Pause image versions can change between TKR version and will need to be updated accordingly.

Connect into the Supervisor cluster context through one of the below methods:
- Connect to the Supervisor as a vCenter Single Sign-On User with kubectl
- Connect to the Supervisor as a vCenter Single Sign-On User through VCF CLI

Fetch the pause image version for the current TKR version of the affected workload cluster and note down the pause image version for imageTag:

kubectl get cluster -o yaml -n <WORKLOAD CLUSTER NAMESPACE> <WORKLOAD CLUSTER NAME> | grep pause -A3

pause:
              imageRepository: localhost:5000/vmware.io
              imageTag: "#.#"
            version: <TKR VERSION>

Connect to the affected workload cluster's context using either of the following documentation:
- Connect to a TKG Service Cluster as a vCenter Single Sign-On User with Kubectl
- Connect to a VKS Cluster with VCF CLI

Locate the cluster-admin daemonset:

kubectl get daemonset -A | grep cluster-admin

Edit the cluster-admin daemonset where pause:#.# needs to match the pause imageTag version found in Step 2:
- Note: The cluster-admin is often created in the default namespace.
```
kubectl edit ds cluster-admin -n <namespace>

containers:
  - name: sleep
    image: localhost:5000/vmware.io/pause:<imageTag version from Step 2>
```

Confirm that the cluster-admin pod runs successfully on all nodes in the guest cluster:

kubectl get ds -A | grep cluster-admin

kubectl get pods -A -o wide | grep cluster-admin

PodSecurity Errors

In newer TKC versions supported on vSphere 7.x and 8.x, the DaemonSet fails to configure the vmware-system-user account to never expire on the control plane (master) nodes.

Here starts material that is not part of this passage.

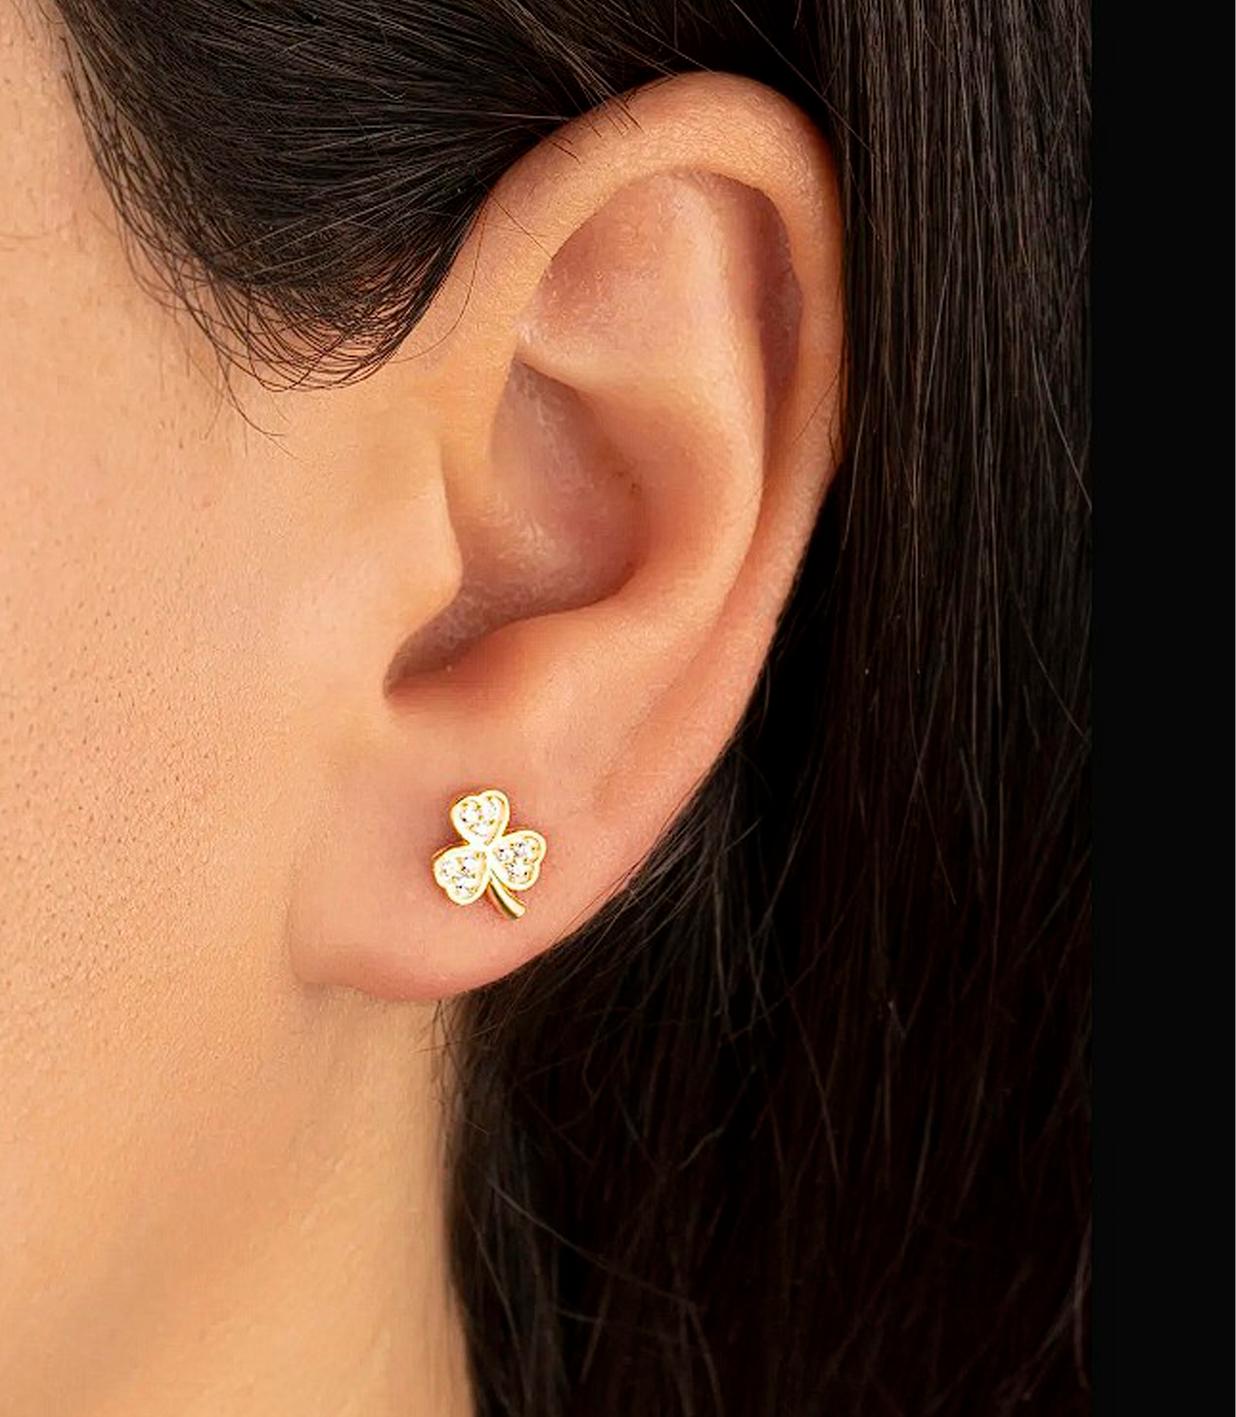 Modern Dainty 3 Petal Flower Stud Earrings.

To resolve this, the toleration for running on the control plane nodes was updated as follows:

- effect: "NoSchedule"
  key: "node-role.kubernetes.io/control-plane"
  operator: "Exists"

The control plane node is tainted with the node-role.kubernetes.io/control-plane key, rather than being specifically tainted as a master node. All other tolerations are left unchanged.

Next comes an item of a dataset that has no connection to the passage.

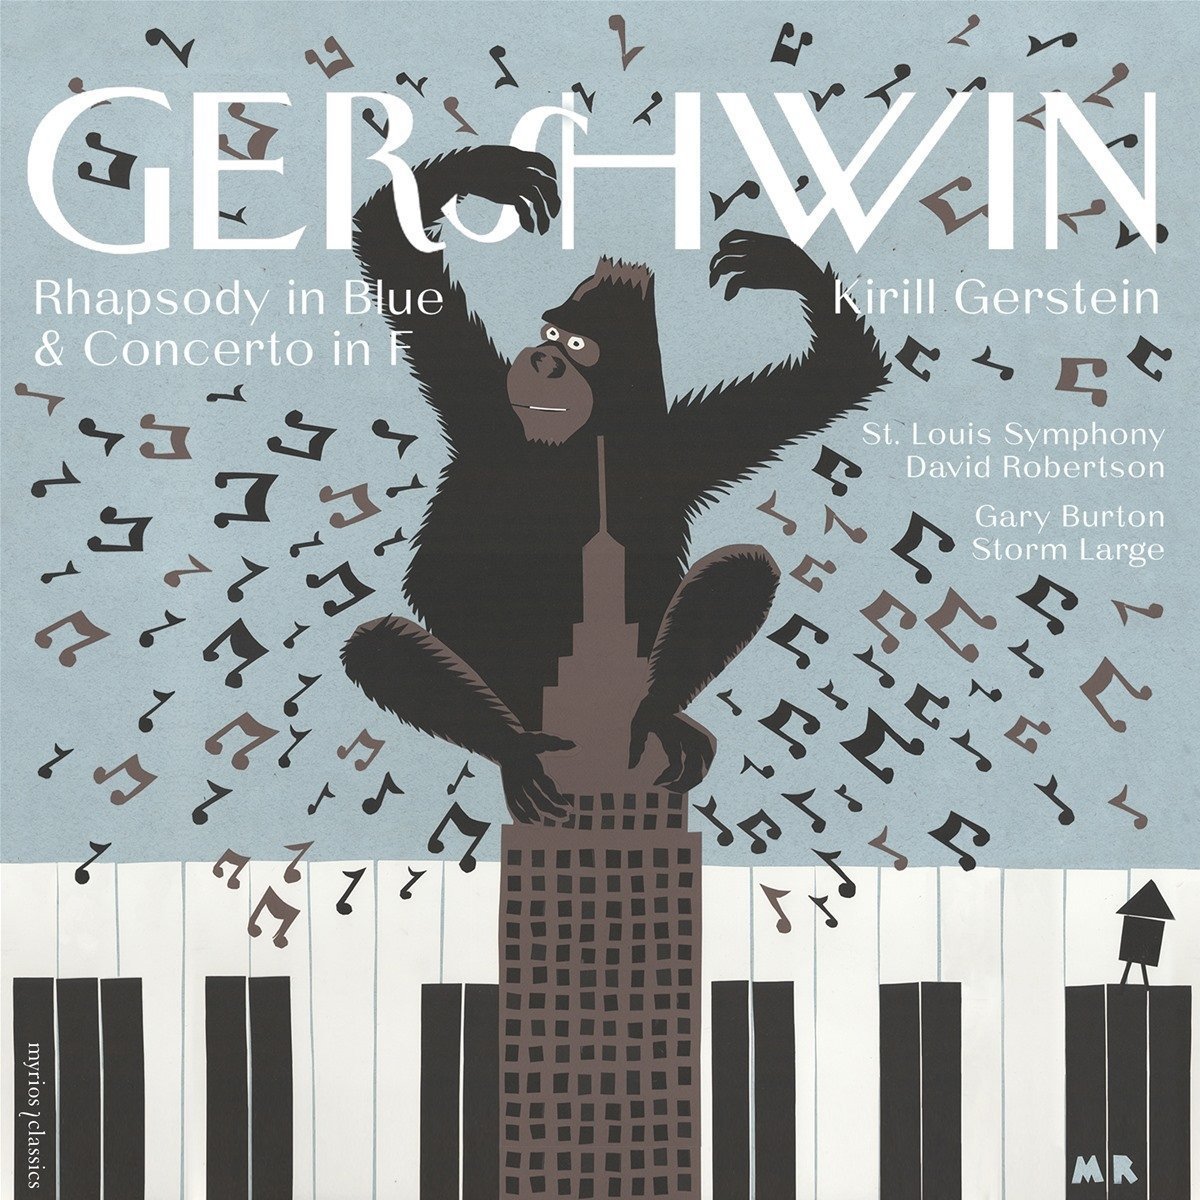 Gerstein's Gershwin

If the Kubernetes version is 1.25+ it is necessary to set right pod security for the namespace that the cluster-admin daemonset was created in.
Otherwise, the daemonset will not be scheduled.
The describe output of the daemonset will show the following pod security errors:

Events:   Type     Reason        Age   From                  Message   ----     ------        ----  ----                  -------   Warning  FailedCreate  ##m   daemonset-controller  Error creating: pods "<cluster-admin-podname>" is forbidden: violates PodSecurity "restricted:latest": allowPrivilegeEscalation != false (containers "init", "sleep" must set securityContext.allowPrivilegeEscalation=false), unrestricted capabilities (containers "init", "sleep" must set securityContext.capabilities.drop=["ALL"]), restricted volume types (volume "hostfs" uses restricted volume type "hostPath"), runAsNonRoot != true (pod or containers "init", "sleep" must set securityContext.runAsNonRoot=true), seccompProfile (pod or containers "init", "sleep" must set securityContext.seccompProfile.type to "RuntimeDefault" or "Localhost")

In those situations, as a temporary workaround, the pod security setting as below for the namespace that the cluster-admin daemonset was created and re-apply the daemonset to fix the issue.

Note: The below command assumes that the cluster-admin daemonset was created in the default namespace and this namespace value should be replaced appropriately.

kubectl label --overwrite ns default pod-security.kubernetes.io/enforce=privileged

Please see the following documentation for more details: Configure PSA for TKR v1.25 and Later

Additional Information

VKS 3.4 (builtin-generic v3.4.0 cluster) now supports automatic password rotation before expiry.